Por Redacción
Delaware, 15 de agosto de 2026.- Selena Gómez ha sido acusada de fraude por un grupo de inversores que sostienen que la cantante incumplió sus promesas de aprovechar su fama mundial y su presencia en redes sociales para promocionar Wondermind Global, su startup de salud mental que quebró el año pasado.
Según una demanda presentada el jueves ante un tribunal federal de Delaware, la compañía afirmó tener una valoración de 95 millones de dólares cuando buscó financiación en 2022 para desarrollar productos, entre ellos una aplicación móvil. Gómez, quien fundó la empresa en 2021 junto con su madre, Mandy Teefey, y Daniella Pierson, ocupa el puesto de directora de “impacto” y responsable de marketing, según el documento legal.
La demanda, interpuesta por cinco inversores, alega que Wondermind mintió sobre sus perspectivas y nunca desarrolló los productos ni generó los ingresos que había prometido.
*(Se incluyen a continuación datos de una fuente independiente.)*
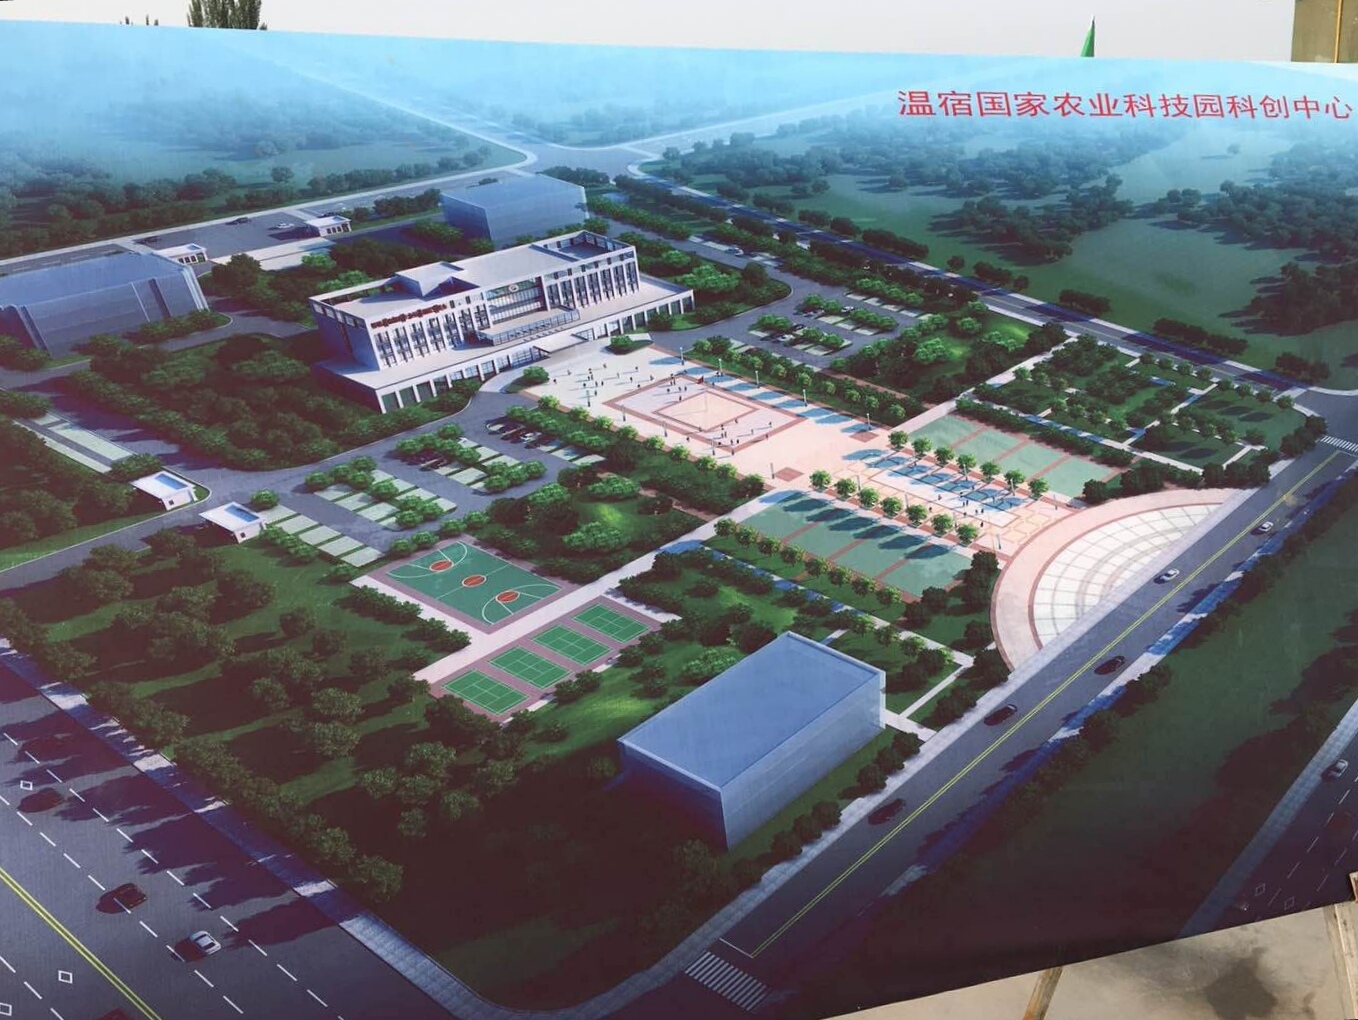 科创中心建设项目由浙江省金华市对口支援新疆阿克苏地区温宿县指挥部

Los actores señalan que Gómez ignoró sus obligaciones contractuales con la compañía, atribuyendo esto en parte a sus “prolongados problemas personales con su madre”, quien era cofundadora y codirectora ejecutiva.
En una ronda de financiación inicial en 2022, la compañía recaudó cinco millones de dólares de inversionistas como el fondo de capital riesgo de la tenista Serena Williams y las firmas Lightspeed Venture Partners y Sequoia Capital. De ese total, 1,2 millones de dólares fueron aportados por las cinco personas que ahora presentan la demanda, entre ellas el exdirector ejecutivo de Allergan, Brent Saunders.
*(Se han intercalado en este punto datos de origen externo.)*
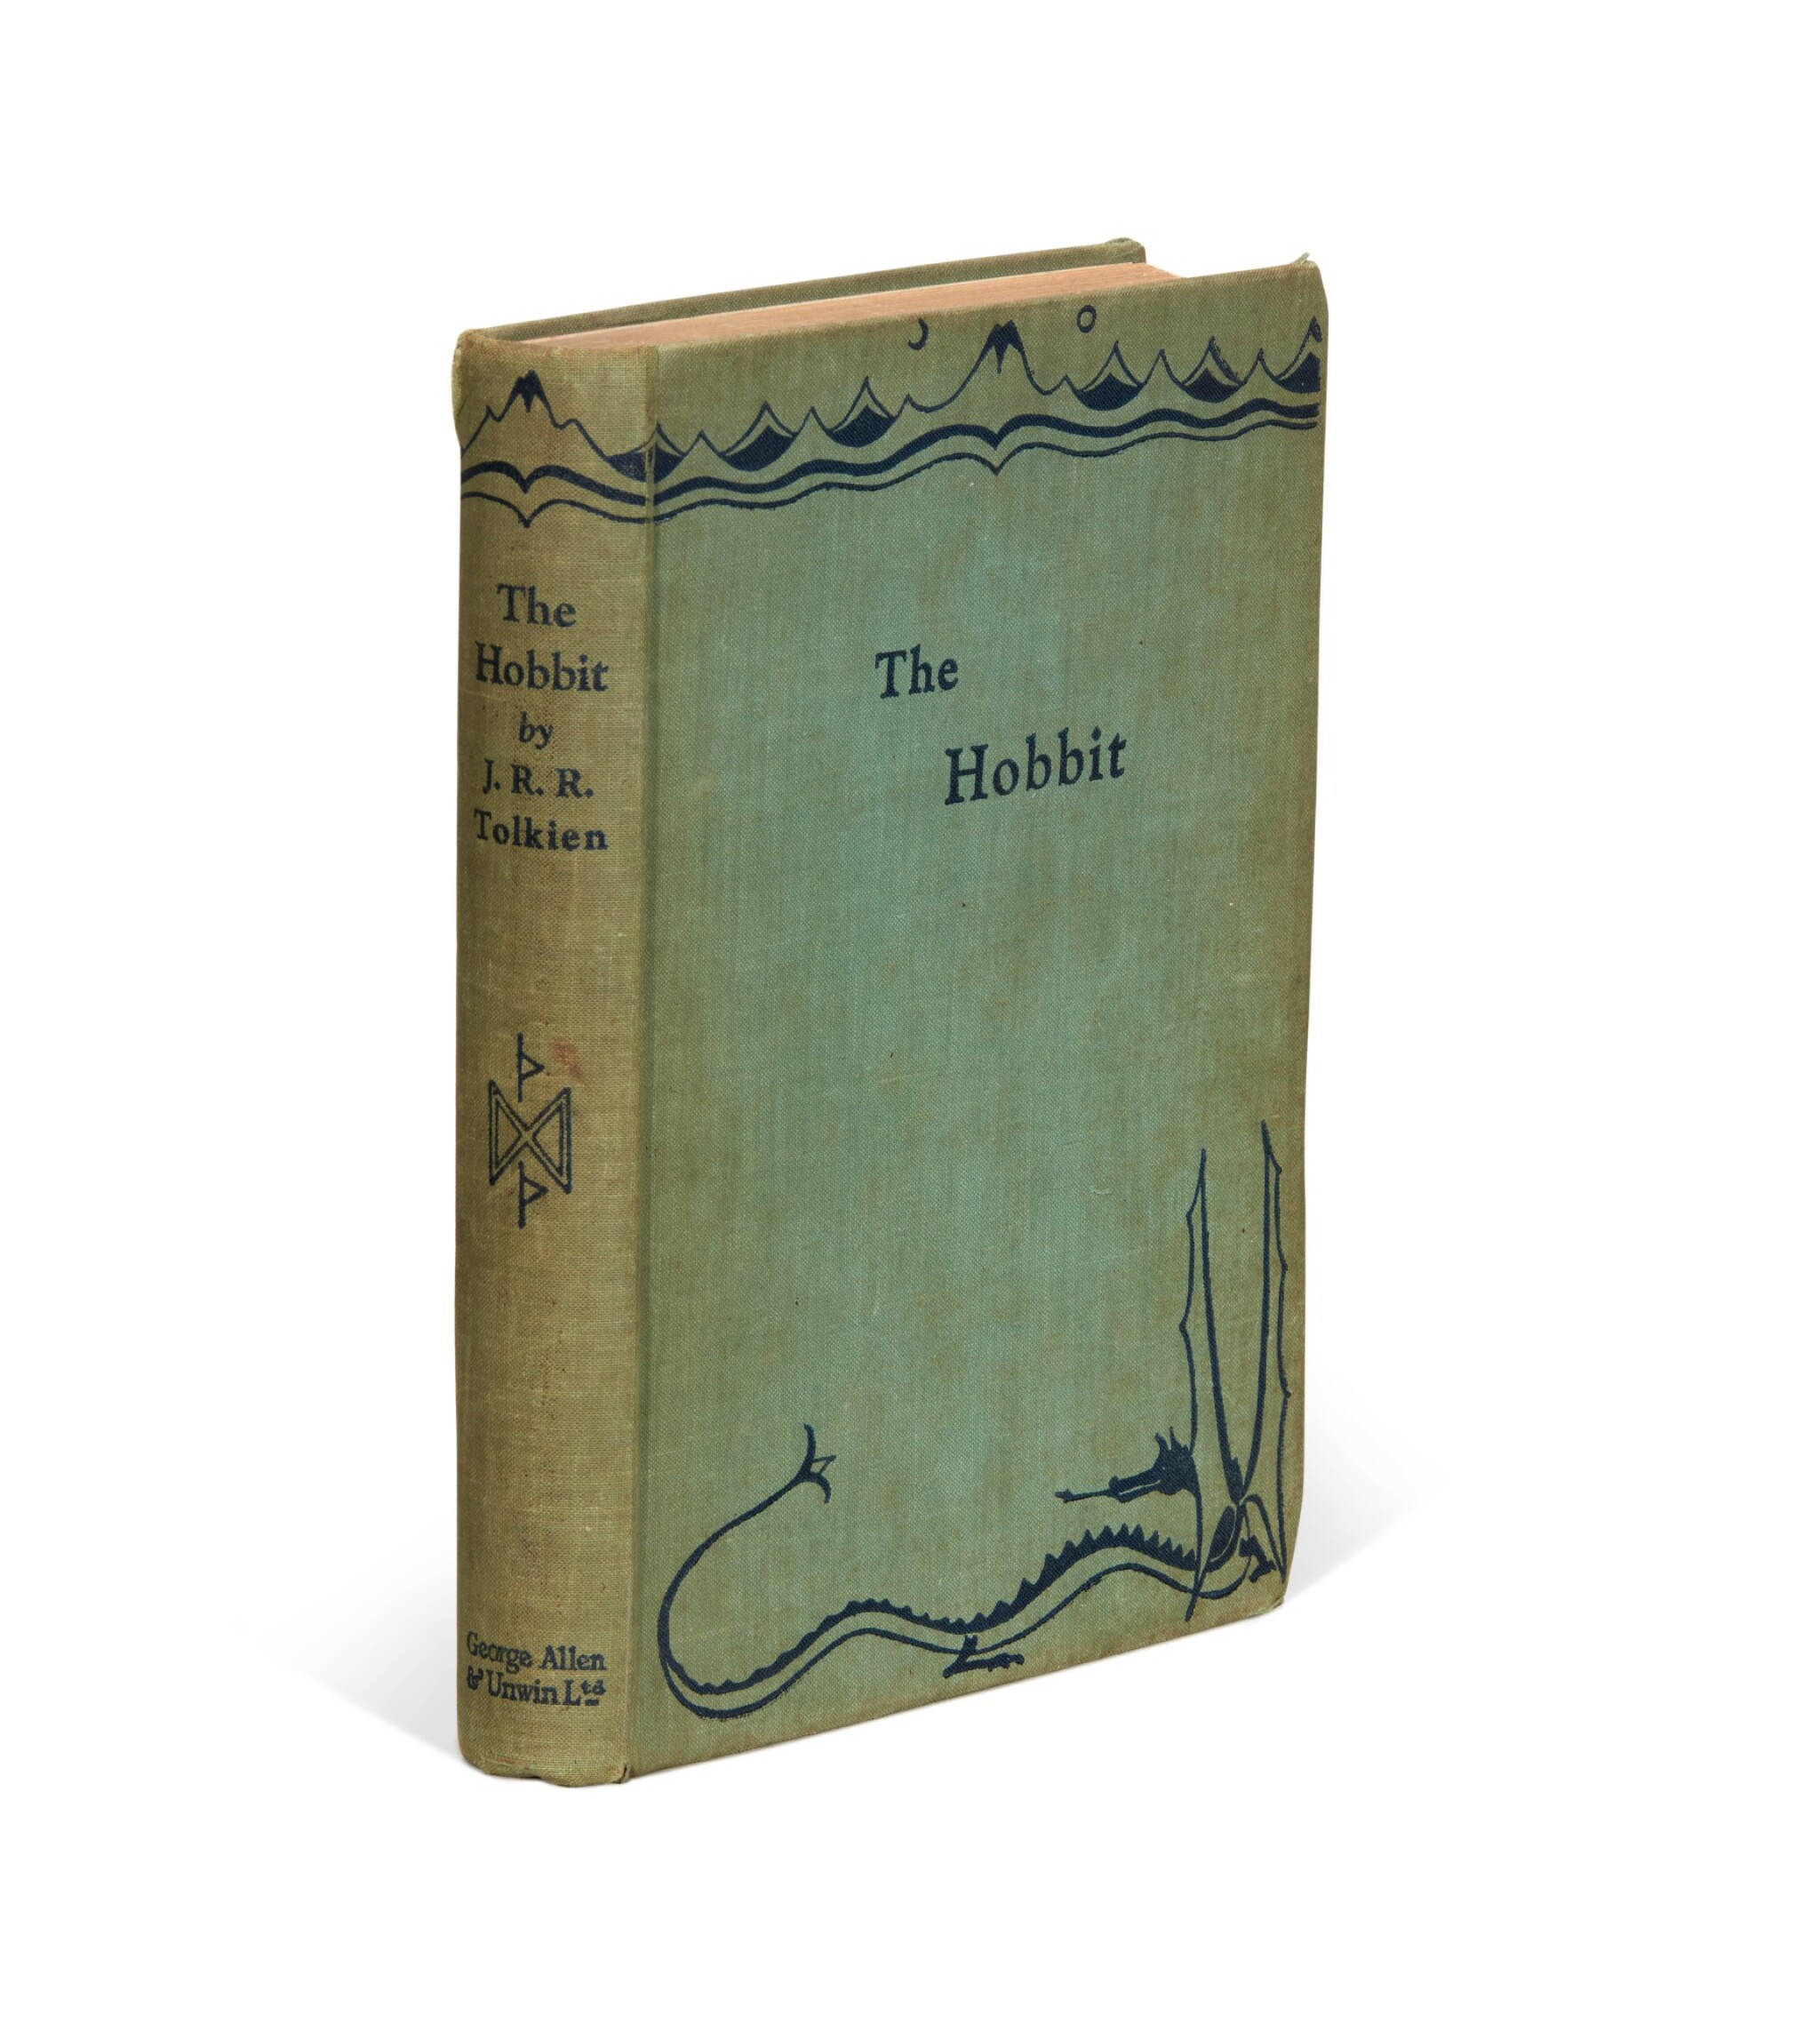 Tolkien "The Hobbit" 1937 First Edition

Los demandantes argumentan que se sintieron atraídos por la promesa de que Wondermind aprovecharía una audiencia de más de 500 millones de personas a través de las cuentas de Gómez en redes sociales. “Los demandantes entendían que el valor de Wondermind como empresa incipiente dependía en gran medida de la participación de Gómez, incluida su capacidad para promocionar la compañía ante una base de seguidores preexistente, numerosa y leal”, señalaron los inversores en la demanda.
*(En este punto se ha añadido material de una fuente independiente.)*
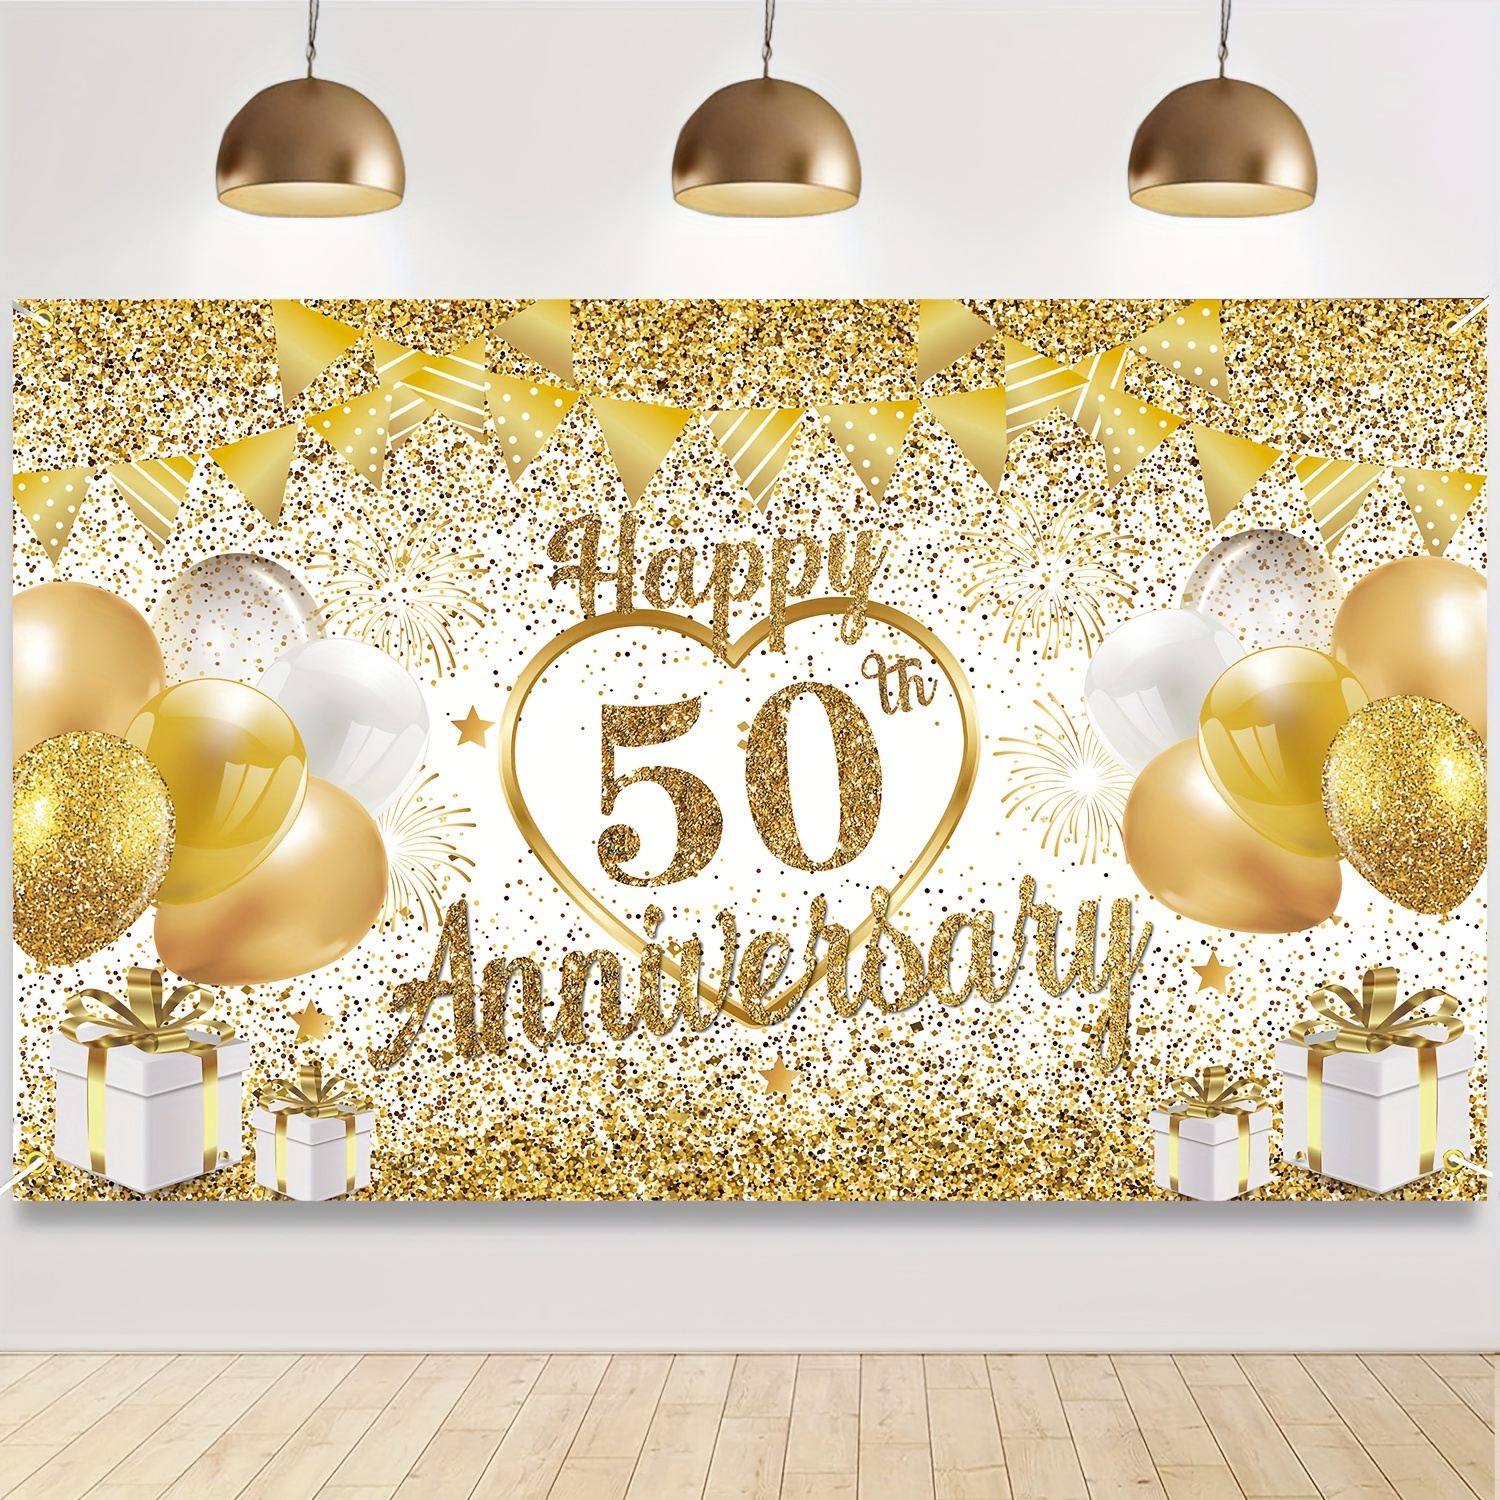 Honatrv Photocall Bodas de Oro 50 Aniversario, Pancartas para 50  Aniversario de Boda, Decoración de Fiesta de Oro Negro de 50 Aniversario,  180 x 115

Abogados de los inversores afirmaron que “las iniciativas nunca se materializaron” y criticaron la falta de comunicación durante el declive del negocio. “La aplicación nunca se desarrolló. Y durante tres años, mientras la empresa colapsaba silenciosamente a su alrededor, ninguno de sus fundadores, ejecutivos o directores dijo una palabra a los inversores”, declararon los representantes legales.